State v. Galyean, 315 Ark. 699, 870 S.W.2d 706 (1994)

Feb. 7, 1994 · Arkansas Supreme Court · CR 93-1113
315 Ark. 699, 870 S.W.2d 706

STATE of Arkansas v. Robin Michel GALYEAN

CR 93-1113

870 S.W.2d 706

Supreme Court of Arkansas

Opinion delivered February 7, 1994

Winston Bryant, Att’y Gen., by: Clint Miller, Senior Asst. Att’y Gen., for appellant.

Scott E. Smith, for appellee.

Steele Hays, Justice.

This is an appeal by the State of Arkansas under Ark. R. Crim. P. 36.10 asserting that the circuit court imposed an illegal sentence for the crime of delivery of marijuana. The state’s argument must be sustained.

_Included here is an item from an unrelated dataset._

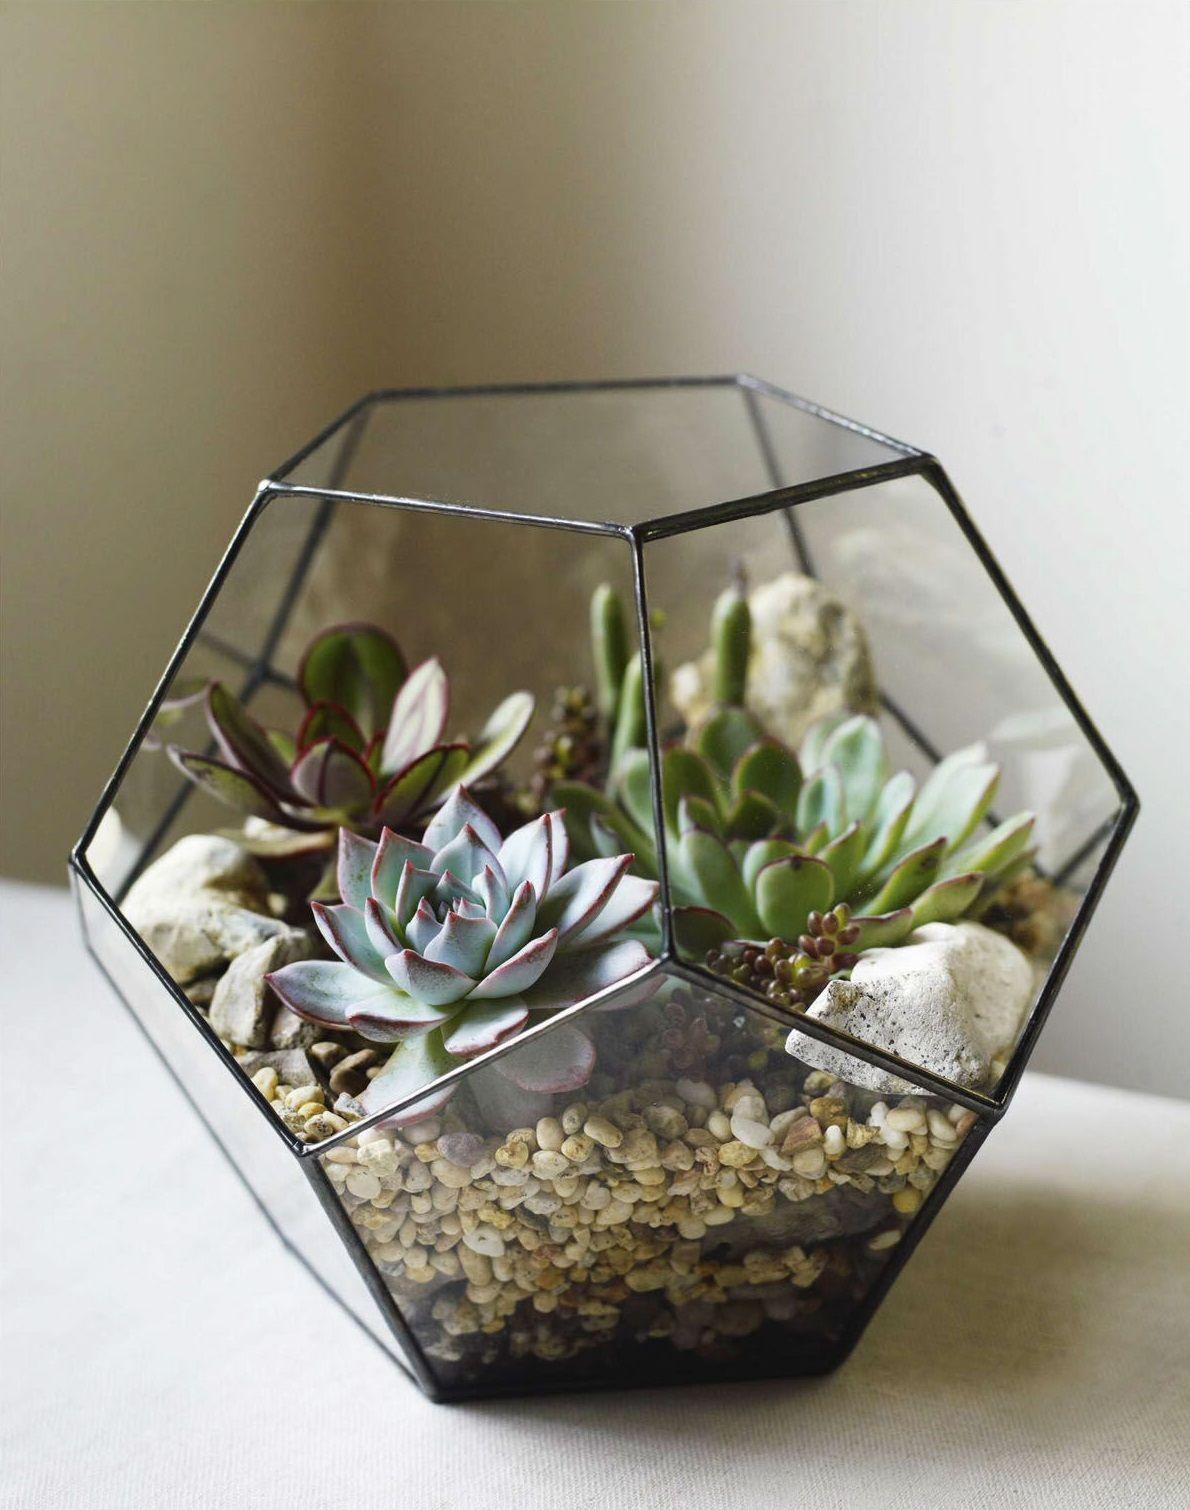 Gartendeko Aus Glas Luxus Glass Dodecahedron with Senecio Articulatus Echeveria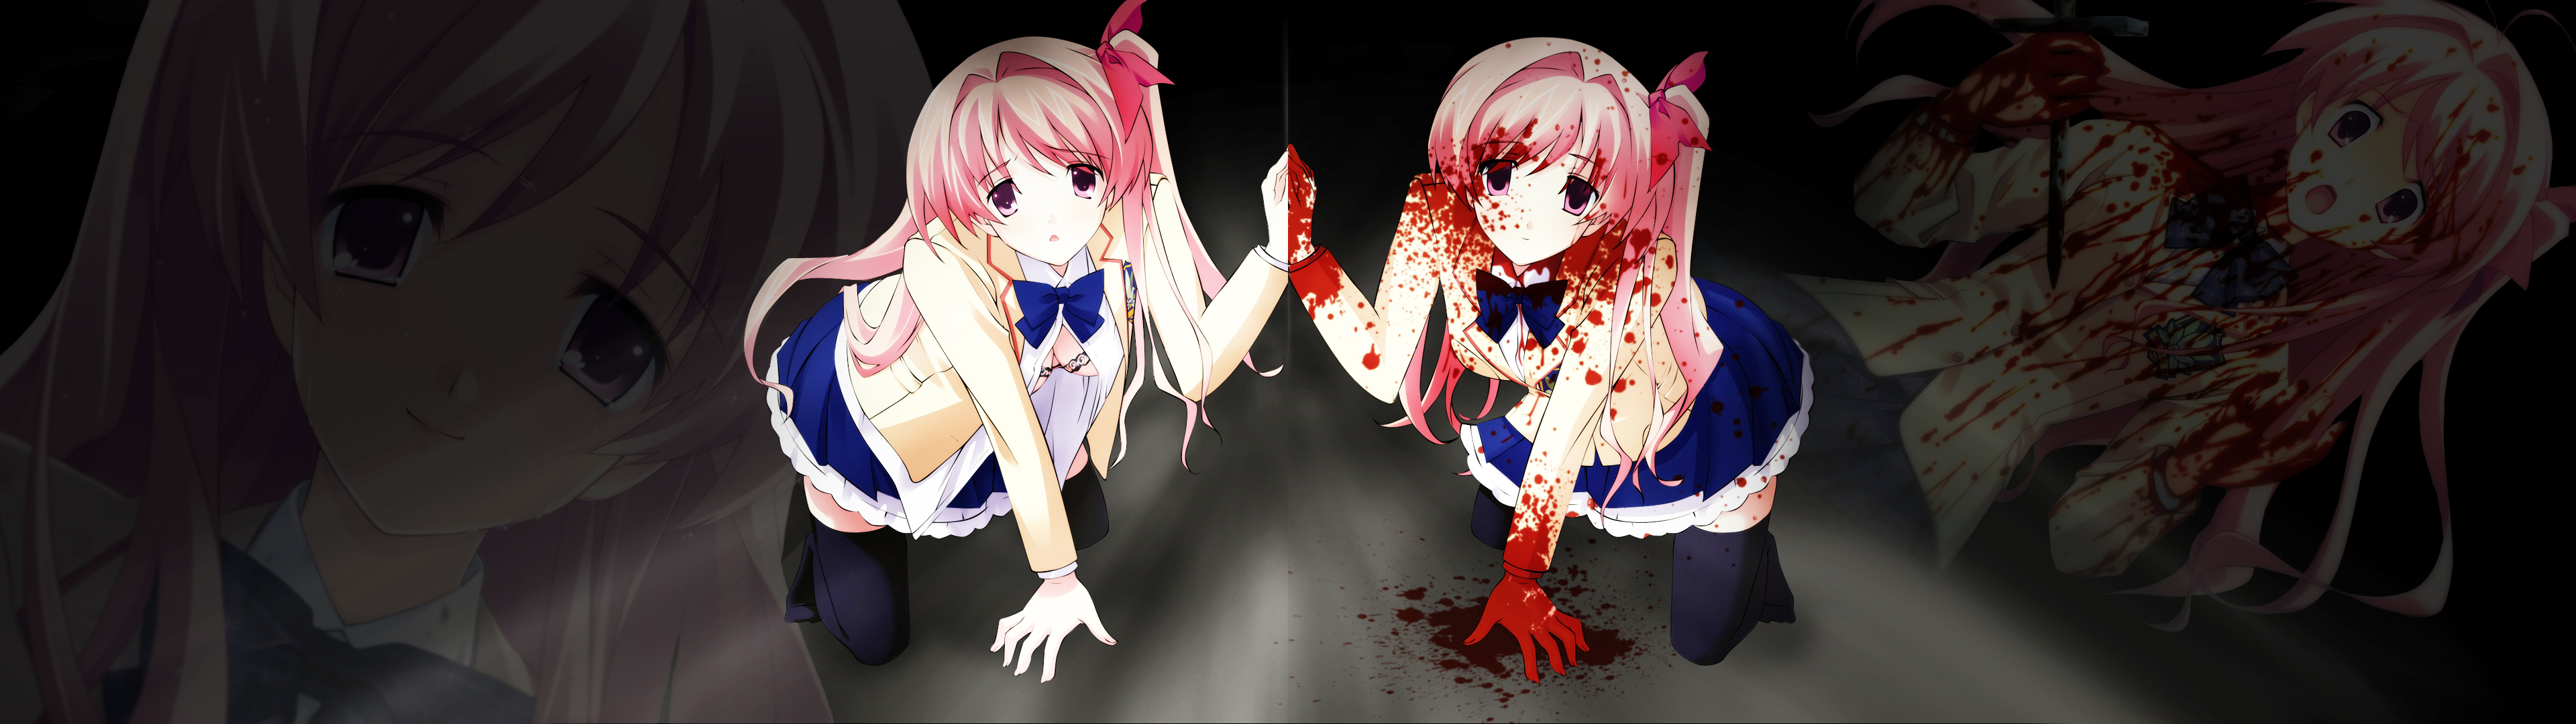 Anime Full Hd Wallpaper And Hintergrund  3840X1080  Id -6566

The appellee, Robin Michel Galyean, was charged with a class C felony: delivery of less than ten pounds of marijuana on March 21, 1992. Ms. Galyean pled guilty and, over the state’s specific objection to the sentence, the trial court placed her on *700probation for seven years and ordered her to pay restitution in lieu of a fine.

The state contends that Ark. Code Ann. §§ 5-4-301(a)(l)(F) (Supp. 1991) and 5-4-104(e)(l)(F) (Supp. 1991) prohibit a circuit court from placing a defendant guilty of delivery of marijuana on probation. Act 608 of 1991 amended both § 5-4-301 and § 5-4-104 by adding the following category to a list of crimes which shall not admit probation:

[d]rug related offenses under the Uniform Controlled Substance Act, § 5-64-101 et seq. except to the extent that probation is otherwise permitted under subchapters 1-6 of Chapter 64.

The Uniform Controlled Substance Act does provide for probation for mere possession of marijuana, but not for delivery. Whitener v. State, 311 Ark. 377, 843 S.W.2d 853 (1993); Ark. Code Ann. § 5-64-407 (1987).

We have consistently held that sentencing shall not be other than in accordance with the statute in effect at the time of the commission of the crime. State v. Townsend, 312 Ark. 427, 863 S.W.2d 288 (1993). At the time appellee’s crime occurred (March 21, 1992) Ark. Code Ann. § 5-64-401(a)(l)(iv) (Supp. 1991) provided that any person found guilty of delivery of less than ten pounds of a Schedule VI controlled substance shall be: Imprisoned no less than four (4) nor more than ten (10) years and/or fined no more than twenty-five thousand dollars ($25,000).1(Emphasis supplied.) Although § 5-64-40l(a)(l)(iv) (Supp. 1991) allows for only a fine, this statute must be read in conjunction with § 5-4-30l(a)( 1)(F) (Supp. 1991) and § 5-4-104(e)(1)(F) (Supp. 1991). Both § 5-4-301(a)(1)(F) (Supp. 1991) and § 5-4-104(e)(l)(F) (Supp. 1991) clearly state that probation is not appropriate. Indeed, we have held that delivery of marijuana is simply not a crime where either probation or suspension is available to the circuit court for consideration as an appropriate sentence. Whitener, supra.

As we pointed out in State v. Williams, CR93-870, *701decided January 10, 1994, Act 192 of 1993 amends § 5-4-301(a)(1)(F) and § 5-4-104(e)(1)(F) to remove the language from the two statutes which prohibited trial courts from imposing suspended imposition of sentence or probation on controlled substance offenders. Act 192 of 1993 became effective on August 13, 1993, and it does not provide for retroactive application; therefore, its operation is prospective only. State v. Whale, 314 Ark. 576, 863 S.W.2d 290 (1993); Williams, supra.

For the reasons stated, the judgment is reversed and the case is remanded for resentencing.

Brown, J., dissents.

Robert L. Brown, Justice,

dissenting. I dissent. See State v. Landis, 315 Ark. 681, 870 S.W.2d 705 (1994) (Brown, dissenting opinion).